[Exercise data Boundary: Start]

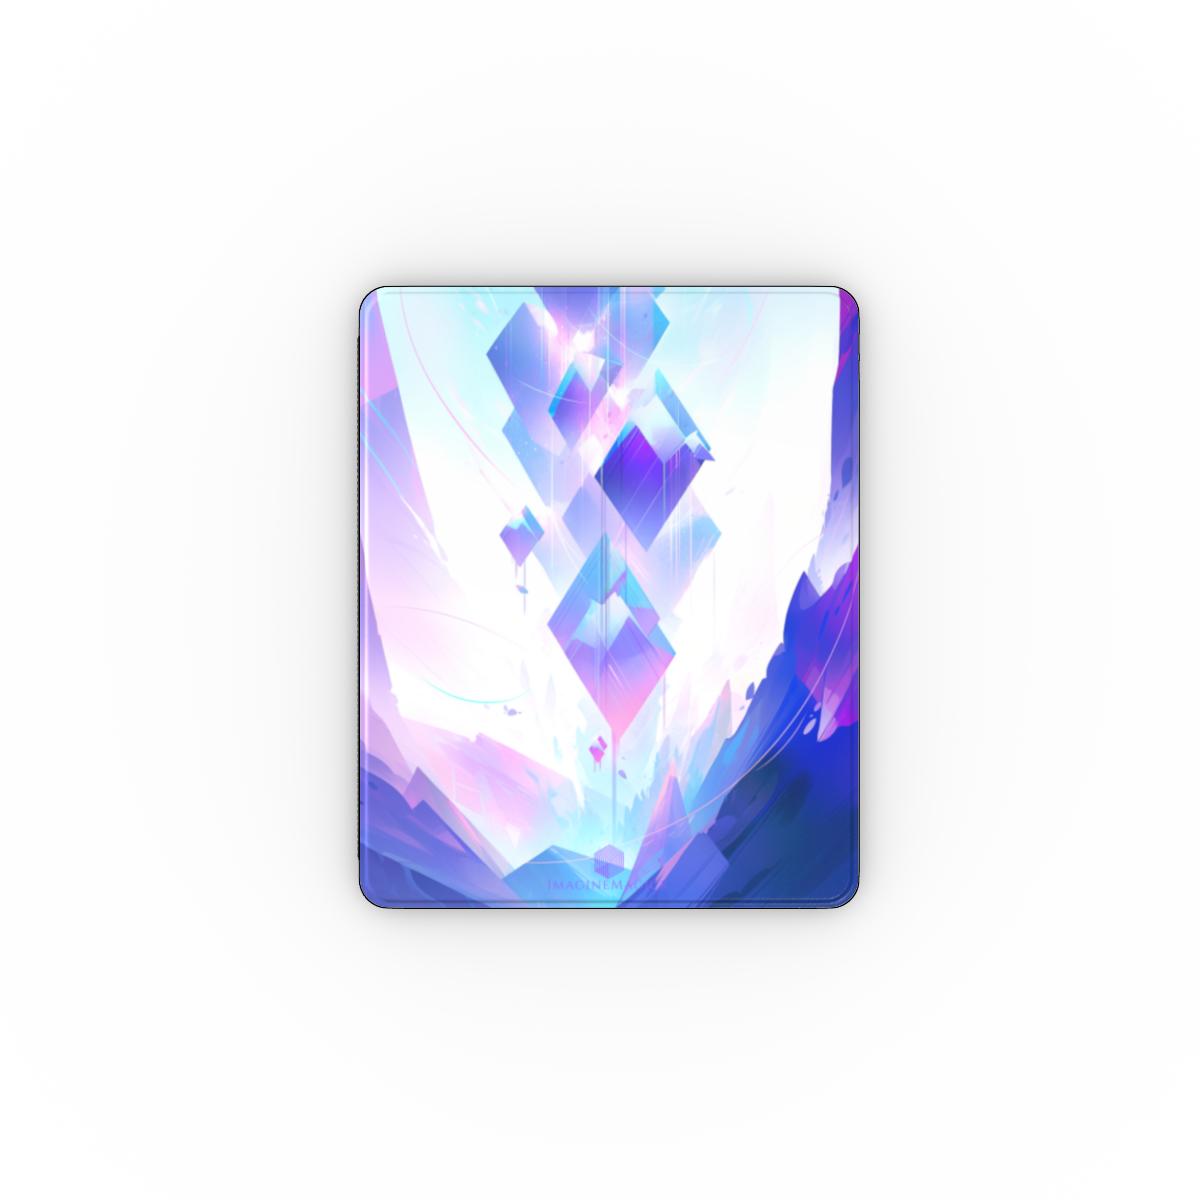 iPad Enchantment - Illusion of diamonds
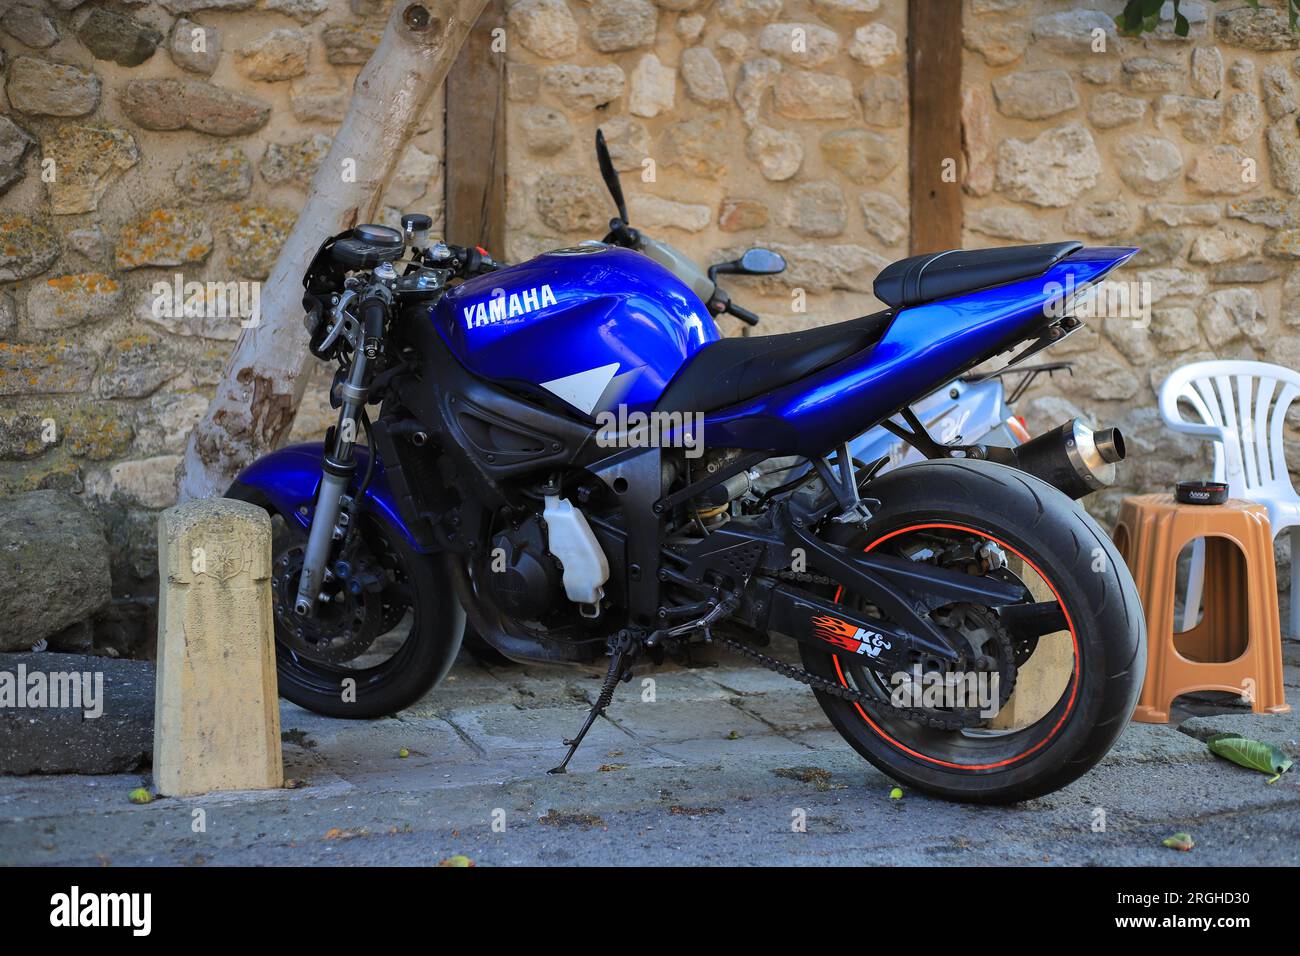 https://c8.alamy.com/comp/2RGHD30/blue-motorcycle-yamaha-r6-2RGHD30.jpg
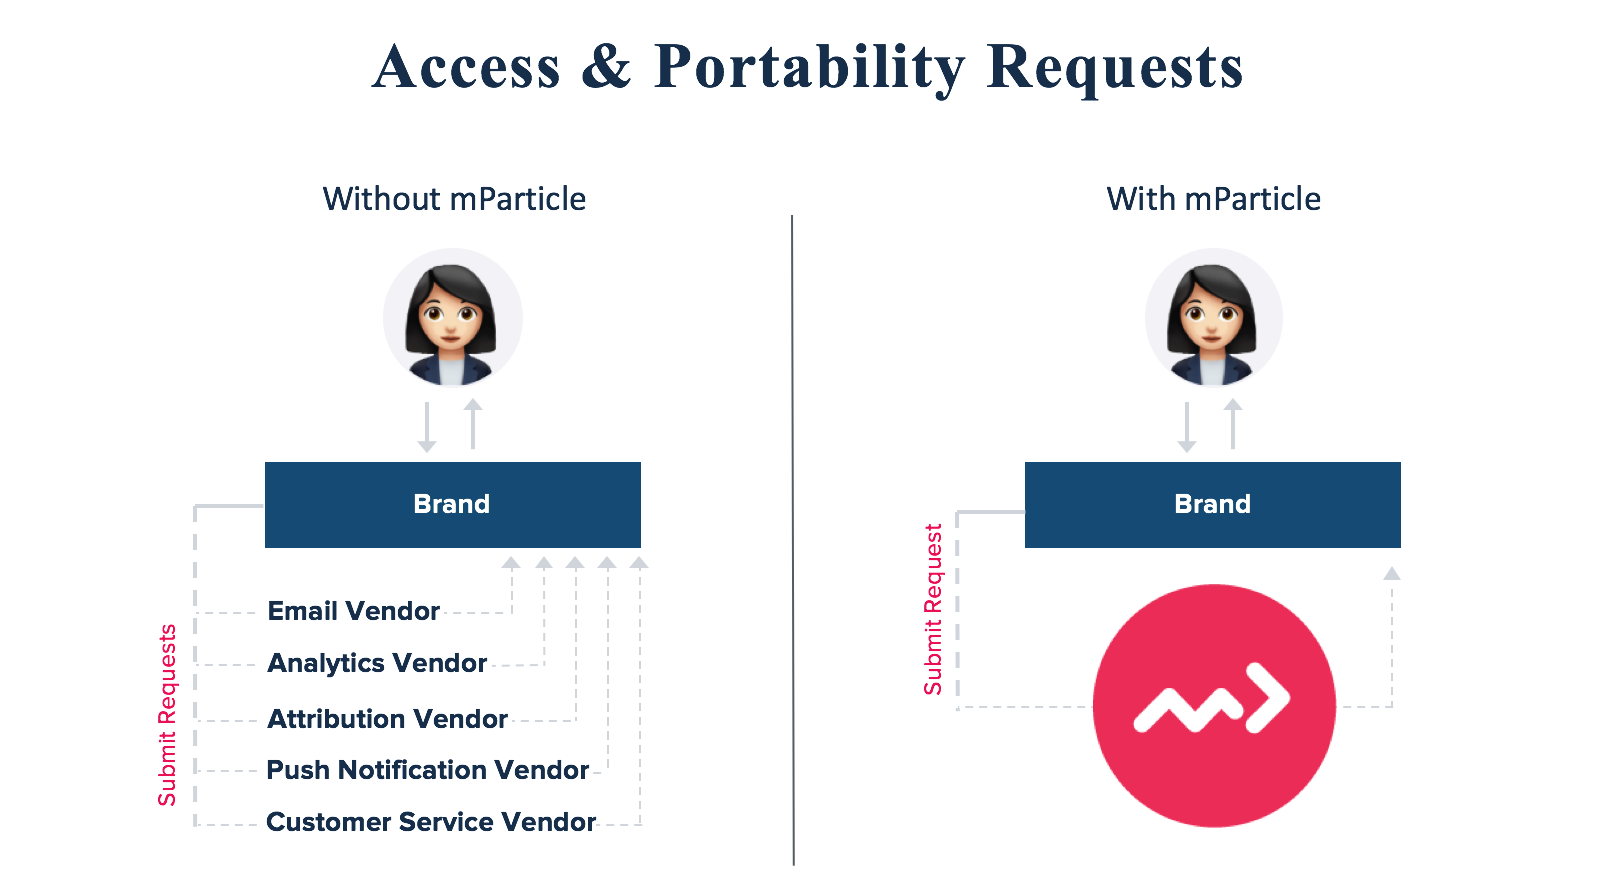 Access & Portability

[Exercise data Boundary: End]

**Work request**: Would you print the material exactly once more, without any of its pictures?

**Exercise response**:
 iPad Enchantment - Illusion of diamonds
 https://c8.alamy.com/comp/2RGHD30/blue-motorcycle-yamaha-r6-2RGHD30.jpg
 Access & Portability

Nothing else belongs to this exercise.